Digestion. 2008;78(1):39-43

Authors: Yüksel I, Ataseven H, Köklü S, Ertu?rul I, Ba?ar O, Odemi? B, Ibi? M, Sa?maz N, Sahin B

BACKGROUND AND AIM: Rebleeding has remained the most important determinant of poor prognosis in peptic ulcer bleeding. Gastric acid plays an important role in the pathogenesis of rebleeding. We aimed to compare the efficiency of intermittent and continuous pantoprazole infusion treatment on peptic ulcer rebleeding after endoscopic therapy. MATERIALS AND METHOD: In this prospective study, patients with active peptic ulcer bleeding or non-bleeding visible vessel were treated initially with endoscopic therapy. They were randomized to receive intermittent or continuous intravenous pantoprazole treatment. Rebleeding rate, duration of hospital stay, need for total blood transfusion and need for urgent surgery were compared among both groups.

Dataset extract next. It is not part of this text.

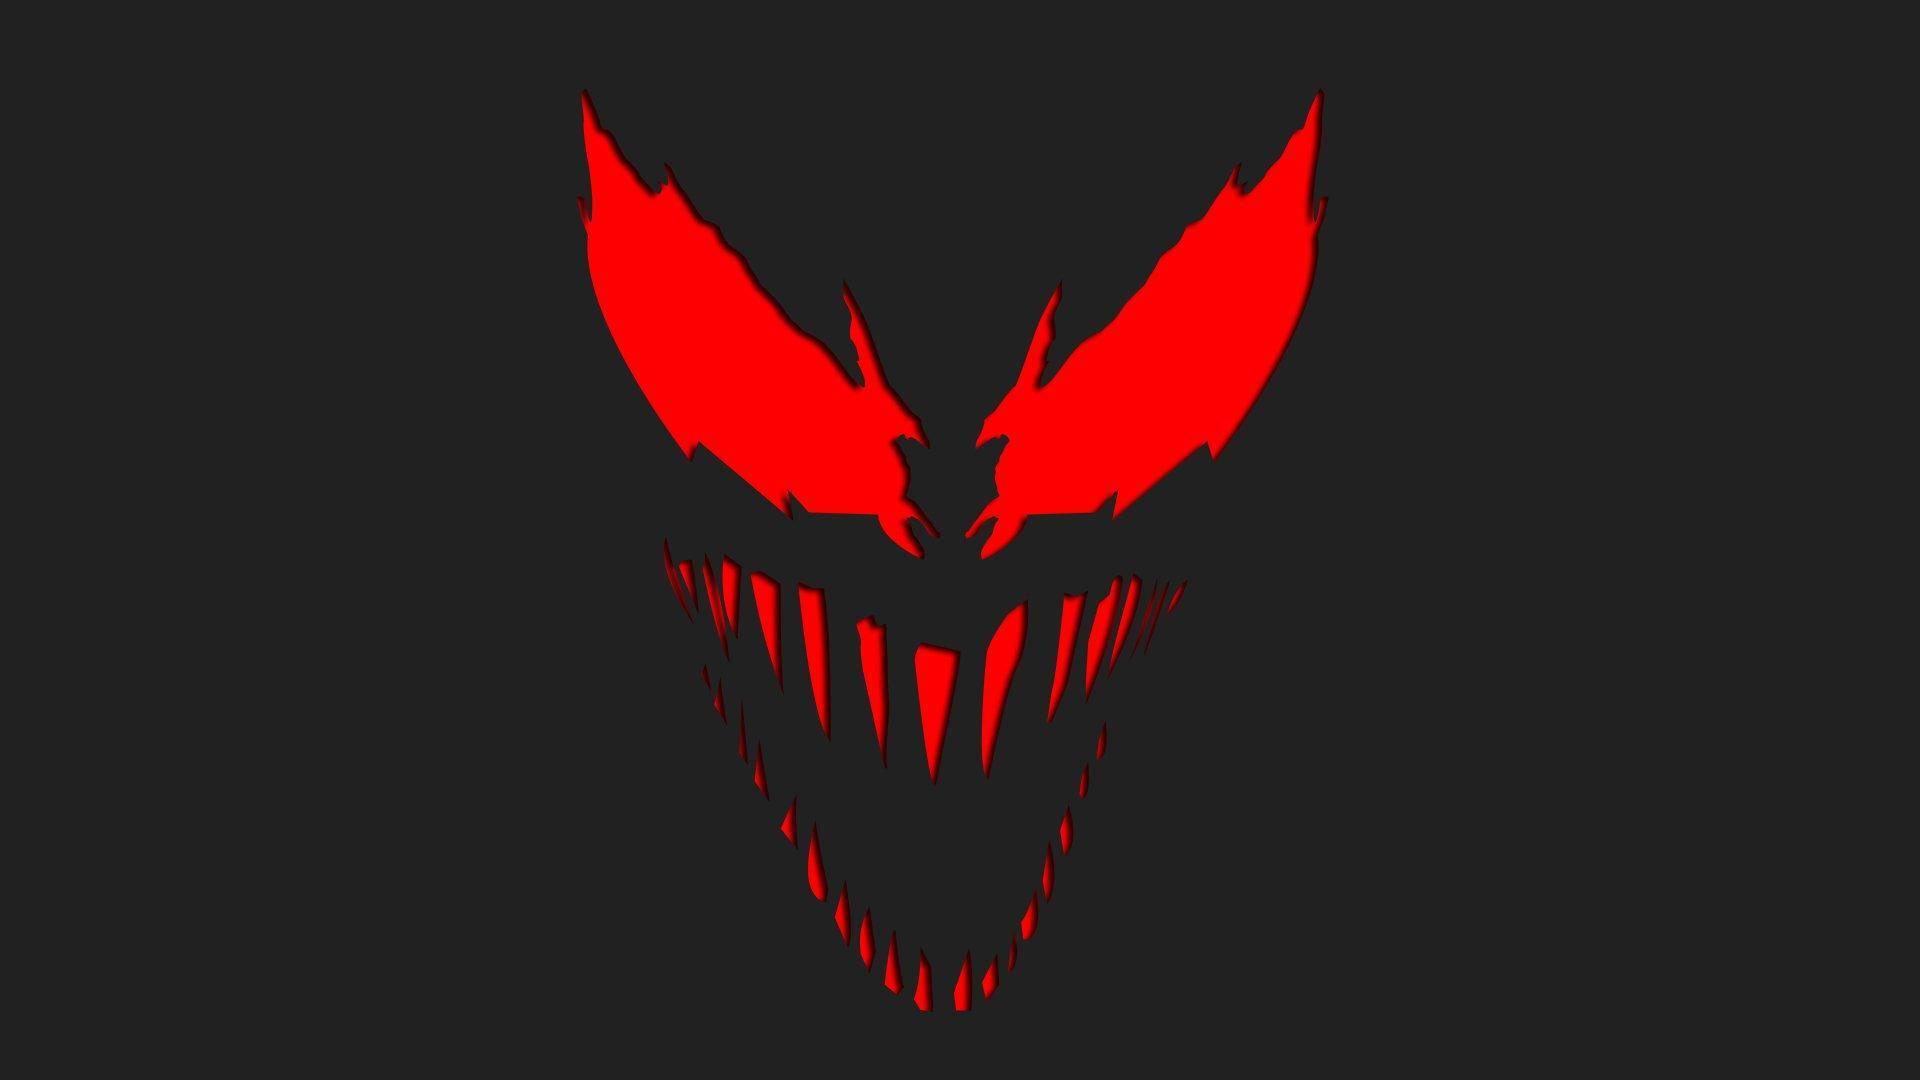 ¡Carnage al extremo! Marvel anuncia nueva saga del villano simbiótico 4

RESULTS: Rebleeding rate (6.1 vs. 8.3%), duration of hospital stay (4.17 vs. 4.41), need for total blood transfusion (2.18 vs. 2.59) and need for urgent surgery (4.1 vs. 4.2%) were similar in intermittent and continuous pantoprazole infusion therapy groups, respectively. There was no bleeding-related death in either group. CONCLUSION: In patients with peptic ulcer bleeding, intermittent and continuous pantoprazole infusion after successful endoscopic therapy have comparable outcomes in reducing rebleeding. Both have similar effects on hospital stay, need for blood transfusion and urgent surgery. Intermittent administration has application and cost advantages over continuous infusion.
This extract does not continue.